В санаторской передней мне встретился Семенов. Он шел спать. На вопрос, как Лапушкин, он ответил, что лучше. И Лапушкину в самом деле было лучше, потому что я застал его в мастерской, за работой.
Это был низенький, сутулый старичок, с очень приподнятыми плечами, придававшими ему вид горбуна. Лысая розовая головка его страшно зябла, и он ни днем, ни ночью не снимал бумазейной ермолки. Ходил он в засаленном халате со шнурками, расшитом по-венгерски. Птичьи ручки его всегда были холодны и мокры, как холоден и мокр был его вздернутый нос. Он говорил шепелявя.
Лапушкин сидел на табуретке в круглых стеклянных очках и перелистывал старую книгу; в ней были образцы заставок и виньеток. Углы ее страниц были захватаны и помяты, а Лапушкин, листая, слюнявил их красным указательным пальчиком. Он поглядел на меня из-под очков напряженным взглядом и промолчал на мой вопрос о здоровье.
Я сел возле него и сделал вид, что заинтересовался книгой. Комната, где мы находились, была большая, прямоугольная, с зеркальным окном во всю стену. Стол шел вдоль этой стены и был уставлен рабочими принадлежностями — напилками, молоточками, медными листами, стеклянной ванночкой и банками с химическими составами. Запах в комнате был острый и кисленький, и только светлая струя свежего воздуха, втекавшая в верхнюю половину окна, всегда открытую, облегчала дыхание.
— Старомодное это искусство, — сказал я, насмотревшись вместе с Лапушкиным разных виньеток, — вряд ли оно возродится. Да и технически оно уж очень мешкотно!
Я задел старичка за больное место. Бесцветный взгляд его оживился, губы задвигались. Поправив очки, он зашепелявил, сперва неохотно, а потом все горячей и убежденней:
— Вы профан, молодой человек, профан. Надо, чтобы человек уважать себя умел, а иначе не берись ни за какое дело. Если я себя уважаю, стану ли я считать время? Я по качеству своего труда считать стану, не по времени. И, скажу вам, другого такого искусства нет, как гравировальное, чтоб это лучше разъяснить.
— Уж будто бы нет!
— И нет! Тихое оно. Терпеливое. Бескорыстное. Душу налаживает. Почему это на нас старые гравюры так действуют, что мы их на вес золота ценим? Вот же именно по причине, что они достоинство человеческое доказывают. Я на гравюру без волнения глядеть не могу. Мне она цельный символ, наивозвышенный: забыл человек течение времени и тихо в своем уголку готовит картинку, да ведь не простую, а немую, такую, что радости она ему не даст до тех пор, пока не кончится работа. Это какое же устремление к цели должно быть, если до самой до последней минуты процесс вашей работы вам не виден! Как на себя-то положиться нужно, чтоб все делать и делать. Художник, — он любуется, музыкант, — он сам себя слушает, стихотворец, — он сам себе голос подает, и у всех-то, у всех, ажно у мастеровых, у плотников — работа видимая, каждое достижение само себе цель. А гравер, сколько ни достигай, покуда не окончит, не узнает цены своей работе и не получит от нее радости. Вот оно как!
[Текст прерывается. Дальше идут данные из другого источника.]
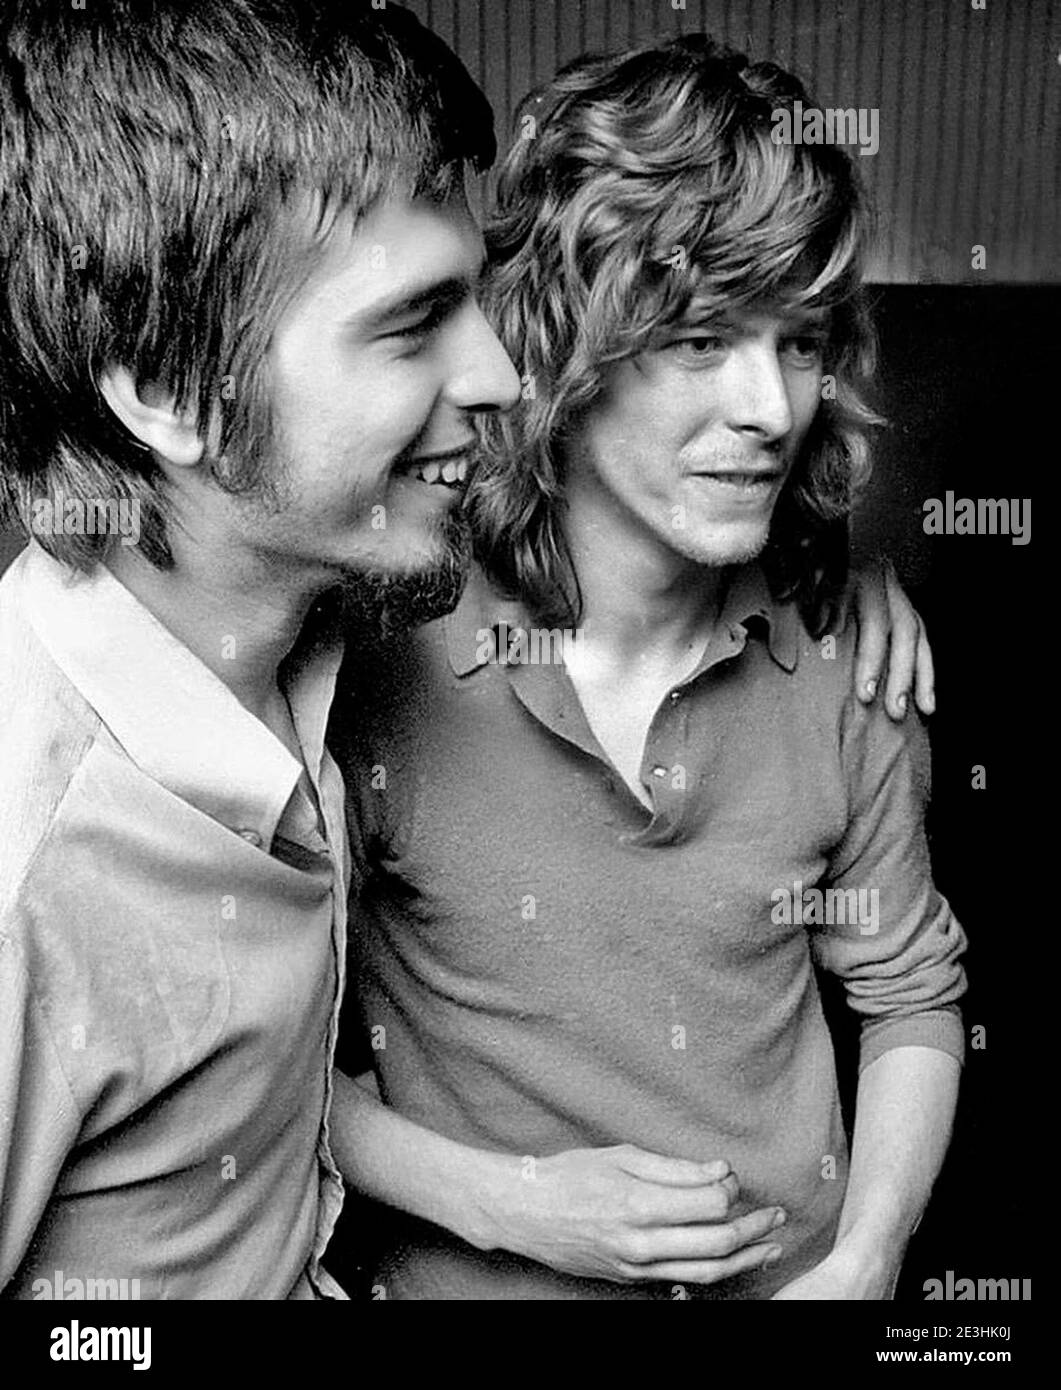 Productor Tony Visconti y David Bowie en el estudio Trident En mayo de 1970 Foto de stock

— Если вам не трудно, дайте мне урок этого искусства, — попросил я, заинтересованный его речью.
Лапушкин встал и, послюнив палец, перелистал книгу.
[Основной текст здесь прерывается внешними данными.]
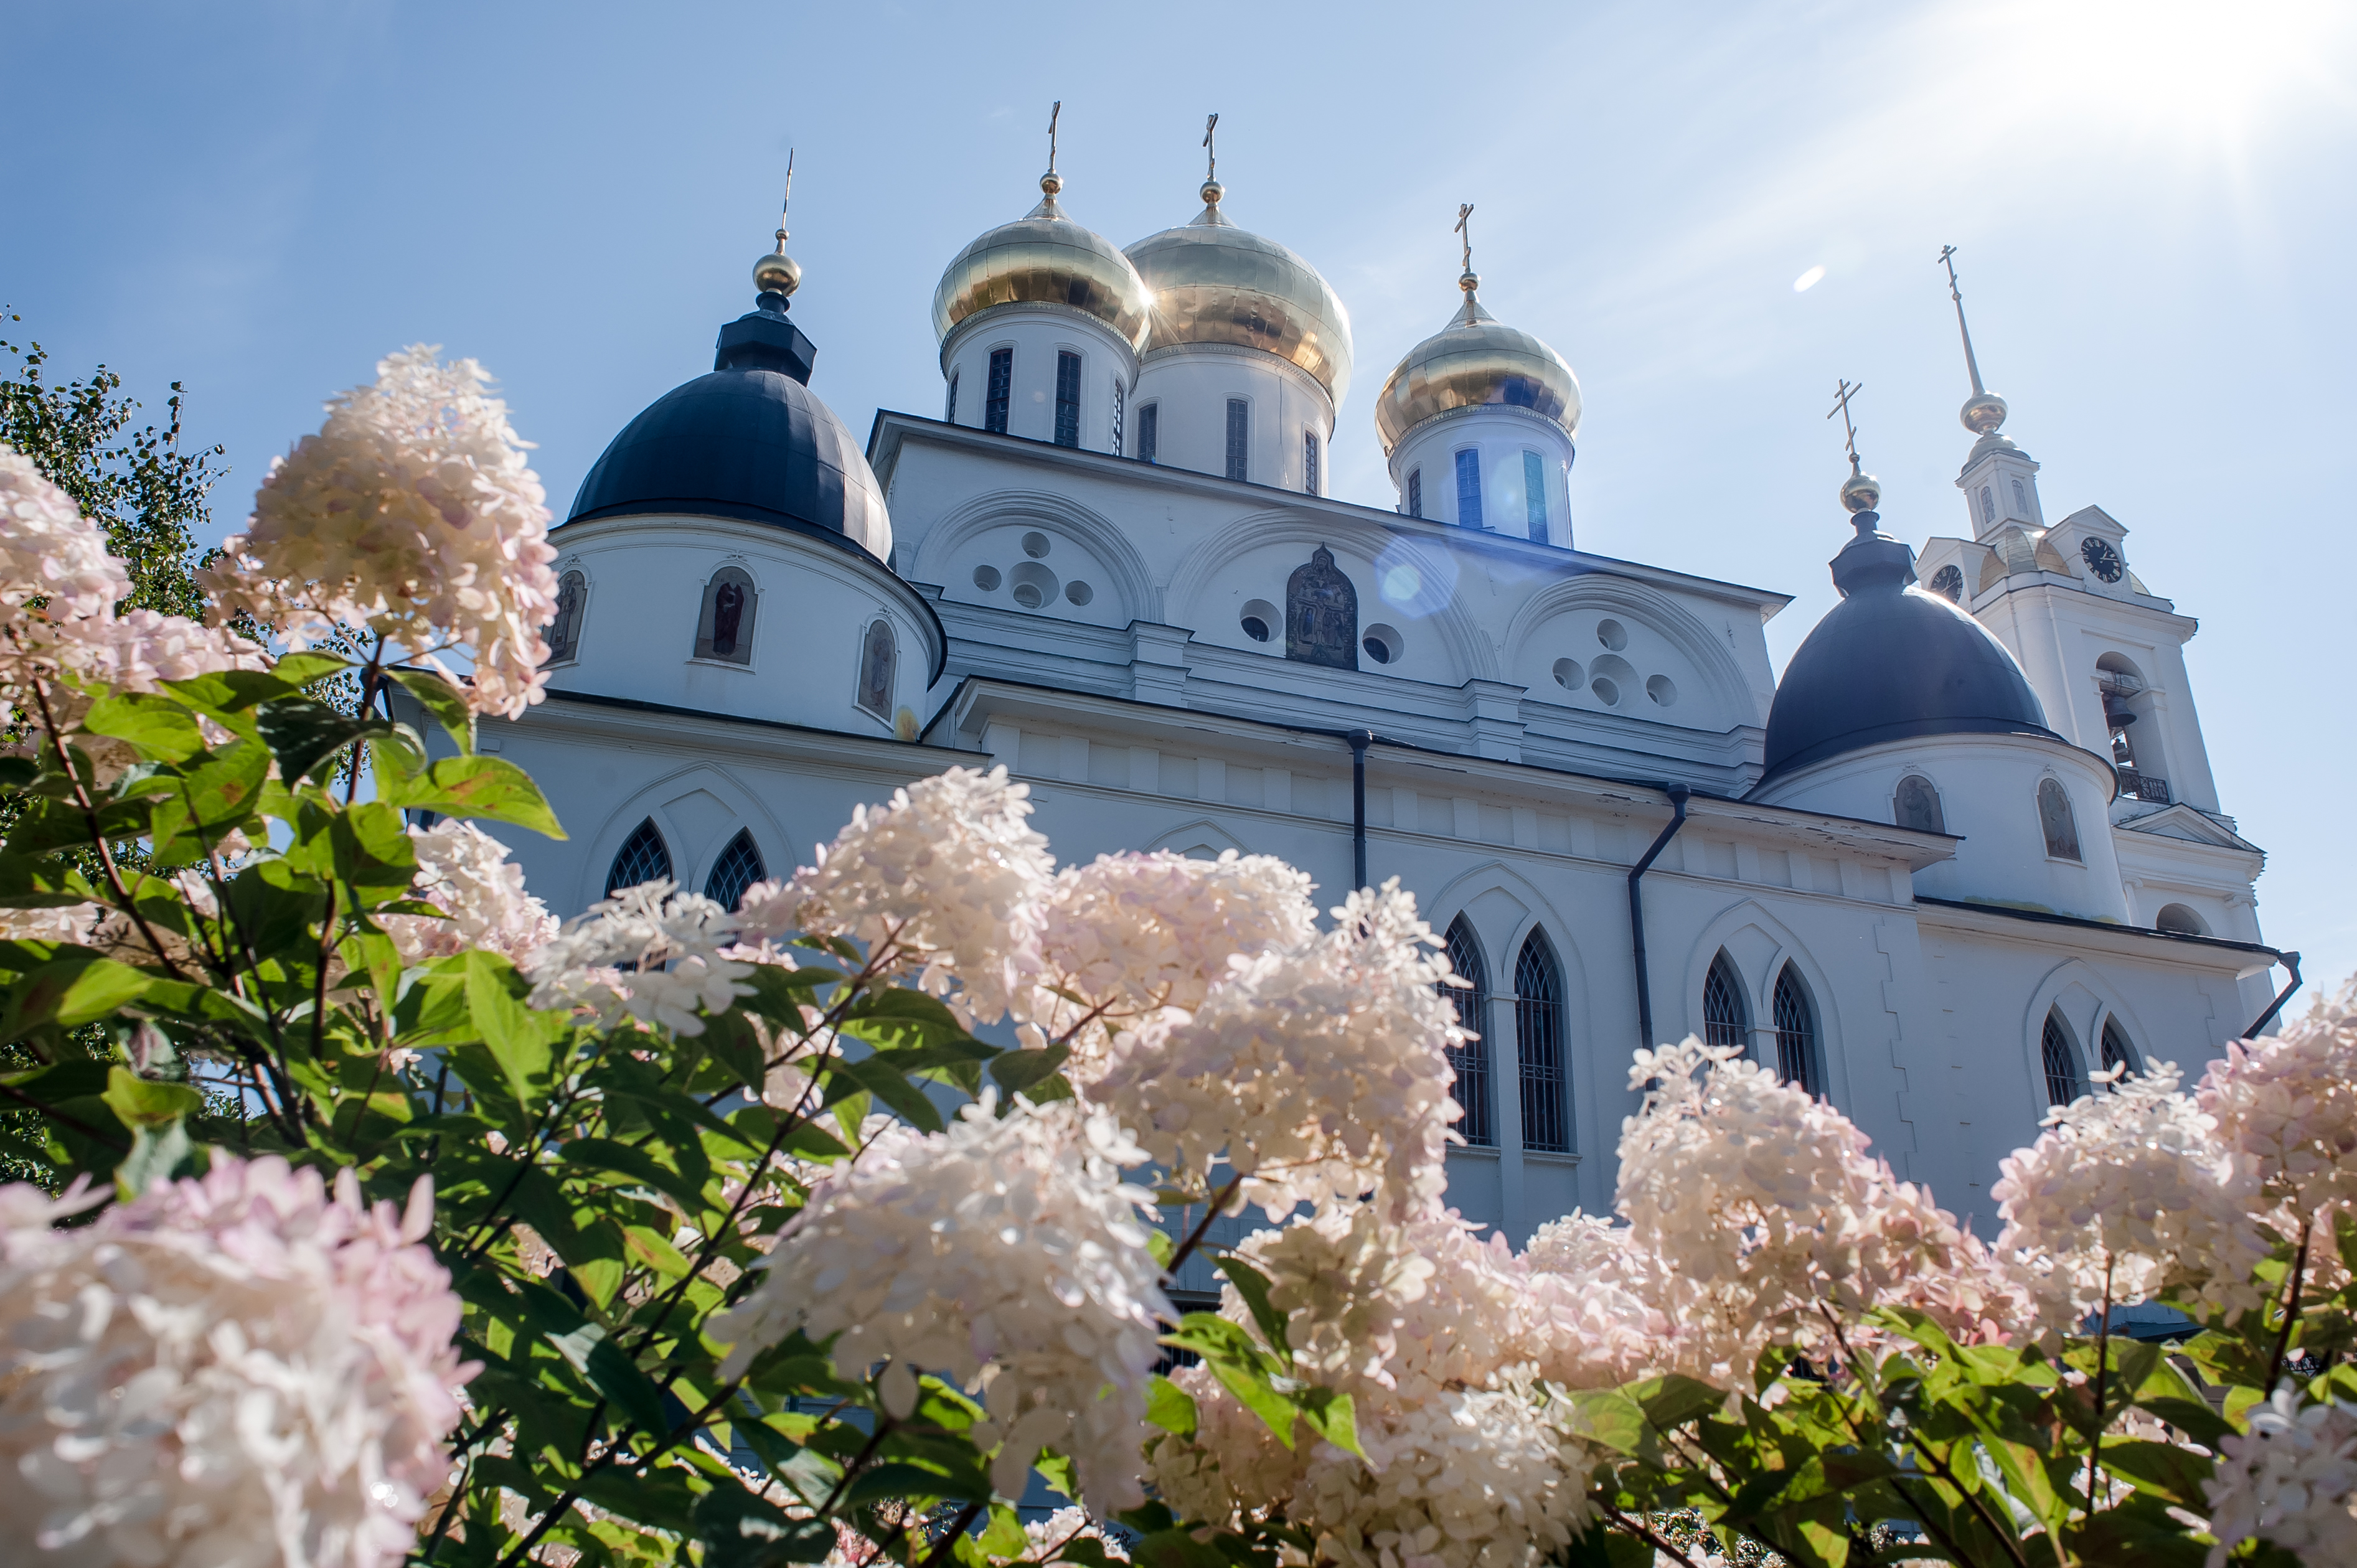 Успенский кафедральный собор строился в начале XVI века, когда Дмитровом правил князь Юрий Иванович, брат московского князя Василия III

— Вот возьмите этот рисунок — речка и ветряная мельница. Очень легко, а на гравюре грустно выходит, далеко так, словно вы там в самом раннем детстве побывали и забыли, а теперь вдруг вспоминаете. Задушевный мотивчик. Нравится?
— Нравится.
— Ну и порешим на нем. Только вы, молодой человек, манжетки поснимайте и рукава засучите. Так, а теперь вот этот фартучек на себя накиньте.
Я все сделал по его слову, а сам он скинул с себя халат и остался в одной жилетке и пестрой сорочке с цветными крапинами. Лицо его оживилось детским удовольствием и приняло почти богомольное выражение. Он так любовно завозился у себя на столе, щупая медные листы и выбирая из них подходящий, что я незаметно и сам «вошел во вкус» и серьезно заинтересовался делом. Не знаю, как другим, а мне всегда очень приятно глядеть на ряд последовательных действий, когда уж обязательно что-нибудь выходит и самое простое ремесло кажется магией. Таким детским, мальчишеским взглядом стал я смотреть на Лапушкина и время от времени удостаивался чести оказывать ему небольшие услуги.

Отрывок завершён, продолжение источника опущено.